The second space was undeveloped, an even huger retail space, about 1800 square feet. Elevator, public bathrooms.. lots of light. Way more square footage than I needed. Building practically empty. Creepy. Probably hideously expensive. I didn't even ask.
The third place was a second floor walk-up. About the right size, some nice east light, but dark dull carpet, dark dull wall board, and another occupant on the same floor who is a tattoo artist. I would have had to fight for street visibility, because the tat artist had his place advertised all over the glass door at street level. I hate needles, acupuncture, all that stuff. I've never wanted and never will want a tattoo. I don't know what I would have been charged. I didn't even ask. Twenty-two steps are too many for most of the old folks in this town to climb.
The fourth place.. it might be the right space.
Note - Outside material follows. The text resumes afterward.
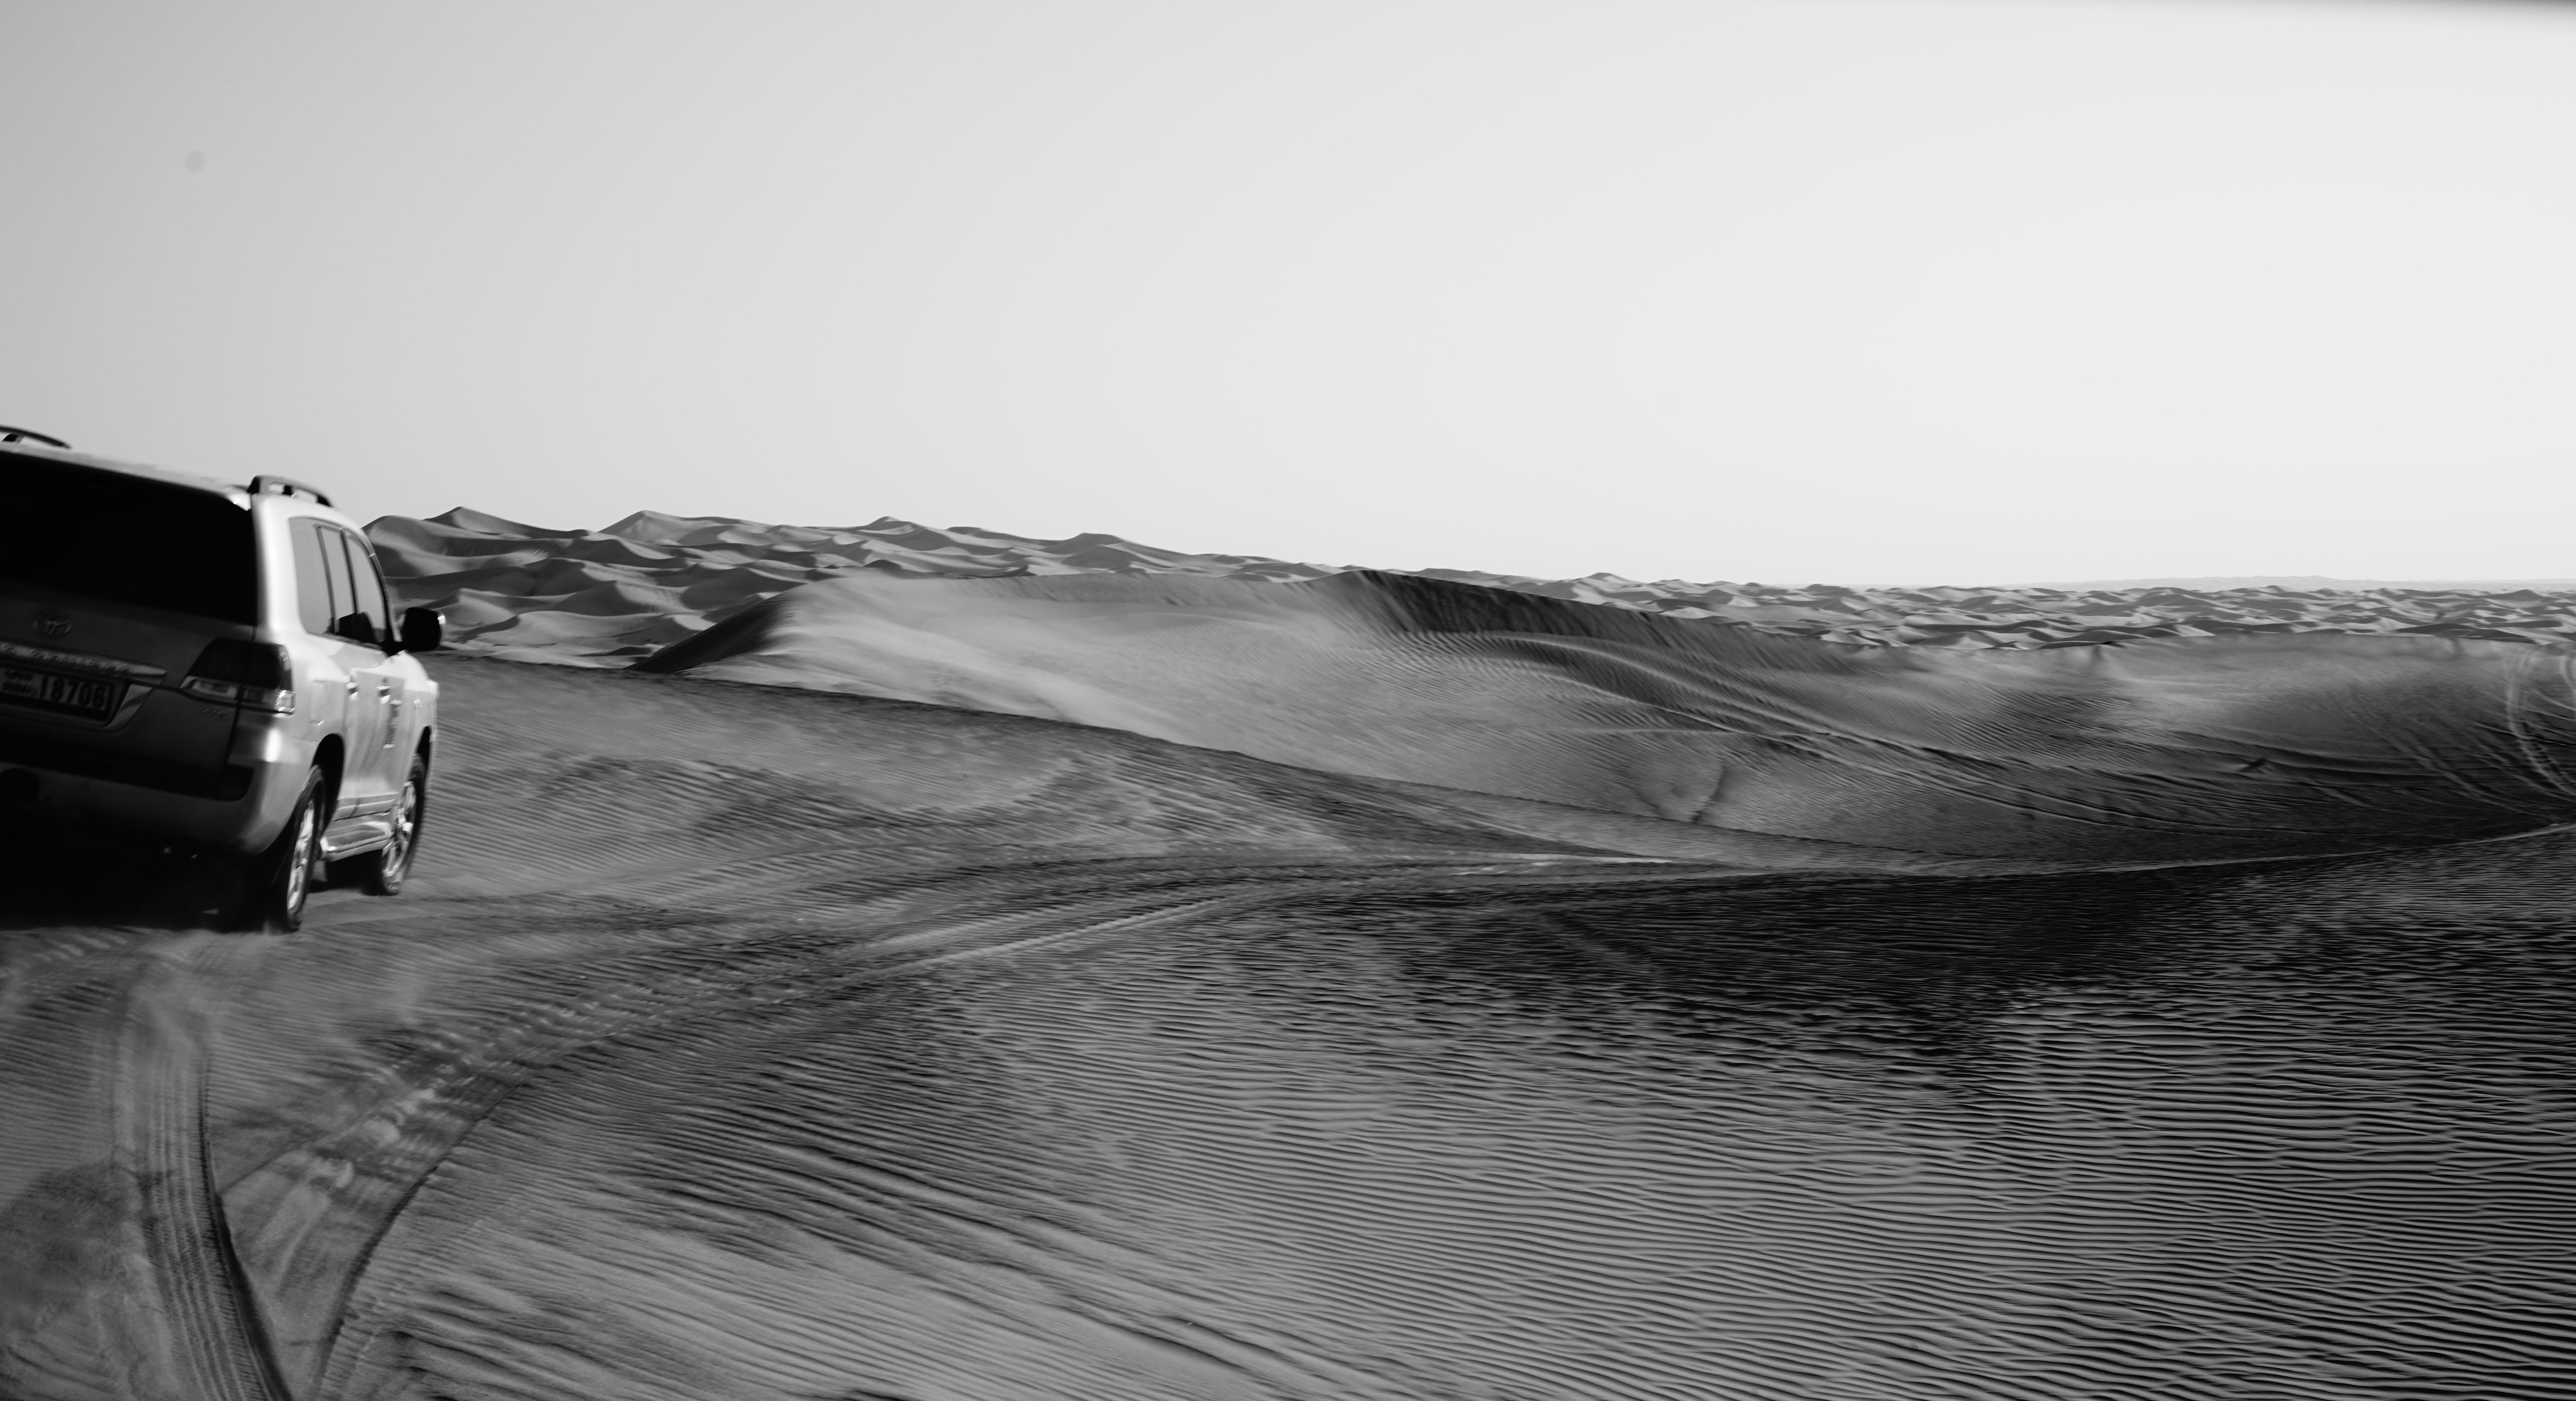 Free stock photo of driving in Dubai desert

Just under 400 square feet. Used to be a barber shop. It has a bathroom with a rust-stained toilet which I'm told will be changed out for a new updated toilet. It has street level entryway, north window exposure, can be partitioned into a treatment room and a little reception room. The price is affordable, includes utilities (heat, light, air), a parking spot, sidewalk cleaning in the winter. Right now it has dark rubber tile and dark navy walls [/sigh]. It would look great with hardwood and light neutral walls and a beautiful blind to allow light in at the top but screen out peeping toms. Best of all, it's in a fairly modern building that houses seniors. Perfect. Excellent neighbours. Maybe future customers.
It's right downtown. It's near a fabulous old shiny white marble building that I remember from childhood. It's now a bank, but my childhood doctor used to have an office in there. I can see that building from the balcony where I live. It glistens in the sunset, it shines in the rain. The office would be only two blocks from where I live. How much more convenient could it get? Yeah. I think I'm ready to handle my life again. I think I have at least another 15 years of human primate social grooming left in me. I'll be 75 by then.
On other fronts, I met a couple who just moved here; the wife is a PT, with a secure job in a provincially funded rehab facility, who is trying to organize a teaching gig for me (something I cannot seem to manage to do on my own). The husband is a tech-savvy guy who is going to help me make an app. Another friend is helping edit/update my long-neglected manual. I feel things shifting, whether I'm ready for a shift or not. I'm never ready, but do my best to stay caught up to whatever is happening on whatever beach life washes me up onto. Until whenever the next inner tsunami comes along to wash me out of my comfortable rut yet again.